**EXERCISE DESCRIPTION**
Give back exactly the lines of the entries below from the line with "Levi's - The" to the line with "Leather trousers Pinko", inclusive, and only those.

**ENTRIES SUPPLIED**

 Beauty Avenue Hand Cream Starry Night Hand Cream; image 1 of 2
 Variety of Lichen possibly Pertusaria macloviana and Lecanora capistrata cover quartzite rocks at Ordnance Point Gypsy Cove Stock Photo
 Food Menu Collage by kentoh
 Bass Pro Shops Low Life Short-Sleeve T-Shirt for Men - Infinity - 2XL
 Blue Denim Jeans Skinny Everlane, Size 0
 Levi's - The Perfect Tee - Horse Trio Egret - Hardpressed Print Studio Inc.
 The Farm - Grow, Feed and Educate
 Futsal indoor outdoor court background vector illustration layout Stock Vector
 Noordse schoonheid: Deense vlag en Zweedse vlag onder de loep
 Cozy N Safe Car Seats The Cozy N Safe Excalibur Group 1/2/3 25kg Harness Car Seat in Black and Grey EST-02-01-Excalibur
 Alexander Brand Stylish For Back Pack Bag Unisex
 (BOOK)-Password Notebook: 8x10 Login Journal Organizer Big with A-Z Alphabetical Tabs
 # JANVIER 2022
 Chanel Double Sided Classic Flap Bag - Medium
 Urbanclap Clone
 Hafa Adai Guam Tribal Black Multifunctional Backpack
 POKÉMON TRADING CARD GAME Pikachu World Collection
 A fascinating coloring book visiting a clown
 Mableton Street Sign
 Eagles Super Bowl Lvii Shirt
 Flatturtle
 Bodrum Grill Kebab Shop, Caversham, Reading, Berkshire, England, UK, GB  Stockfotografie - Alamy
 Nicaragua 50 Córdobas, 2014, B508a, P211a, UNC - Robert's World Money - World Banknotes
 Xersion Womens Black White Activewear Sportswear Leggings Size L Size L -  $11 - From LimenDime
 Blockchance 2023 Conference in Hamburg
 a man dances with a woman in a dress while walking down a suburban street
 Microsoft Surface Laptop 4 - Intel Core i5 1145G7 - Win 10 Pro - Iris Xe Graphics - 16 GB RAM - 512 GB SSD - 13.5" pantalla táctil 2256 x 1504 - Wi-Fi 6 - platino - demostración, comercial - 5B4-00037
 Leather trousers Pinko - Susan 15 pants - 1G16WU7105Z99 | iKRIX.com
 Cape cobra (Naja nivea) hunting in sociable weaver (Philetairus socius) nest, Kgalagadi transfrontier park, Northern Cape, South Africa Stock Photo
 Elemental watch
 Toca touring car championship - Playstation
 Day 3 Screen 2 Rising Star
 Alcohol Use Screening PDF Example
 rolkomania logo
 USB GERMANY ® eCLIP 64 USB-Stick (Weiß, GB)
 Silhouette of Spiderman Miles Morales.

**SOLVED EXERCISE**
 Levi's - The Perfect Tee - Horse Trio Egret - Hardpressed Print Studio Inc.
 The Farm - Grow, Feed and Educate
 Futsal indoor outdoor court background vector illustration layout Stock Vector
 Noordse schoonheid: Deense vlag en Zweedse vlag onder de loep
 Cozy N Safe Car Seats The Cozy N Safe Excalibur Group 1/2/3 25kg Harness Car Seat in Black and Grey EST-02-01-Excalibur
 Alexander Brand Stylish For Back Pack Bag Unisex
 (BOOK)-Password Notebook: 8x10 Login Journal Organizer Big with A-Z Alphabetical Tabs
 # JANVIER 2022
 Chanel Double Sided Classic Flap Bag - Medium
 Urbanclap Clone
 Hafa Adai Guam Tribal Black Multifunctional Backpack
 POKÉMON TRADING CARD GAME Pikachu World Collection
 A fascinating coloring book visiting a clown
 Mableton Street Sign
 Eagles Super Bowl Lvii Shirt
 Flatturtle
 Bodrum Grill Kebab Shop, Caversham, Reading, Berkshire, England, UK, GB  Stockfotografie - Alamy
 Nicaragua 50 Córdobas, 2014, B508a, P211a, UNC - Robert's World Money - World Banknotes
 Xersion Womens Black White Activewear Sportswear Leggings Size L Size L -  $11 - From LimenDime
 Blockchance 2023 Conference in Hamburg
 a man dances with a woman in a dress while walking down a suburban street
 Microsoft Surface Laptop 4 - Intel Core i5 1145G7 - Win 10 Pro - Iris Xe Graphics - 16 GB RAM - 512 GB SSD - 13.5" pantalla táctil 2256 x 1504 - Wi-Fi 6 - platino - demostración, comercial - 5B4-00037
 Leather trousers Pinko - Susan 15 pants - 1G16WU7105Z99 | iKRIX.com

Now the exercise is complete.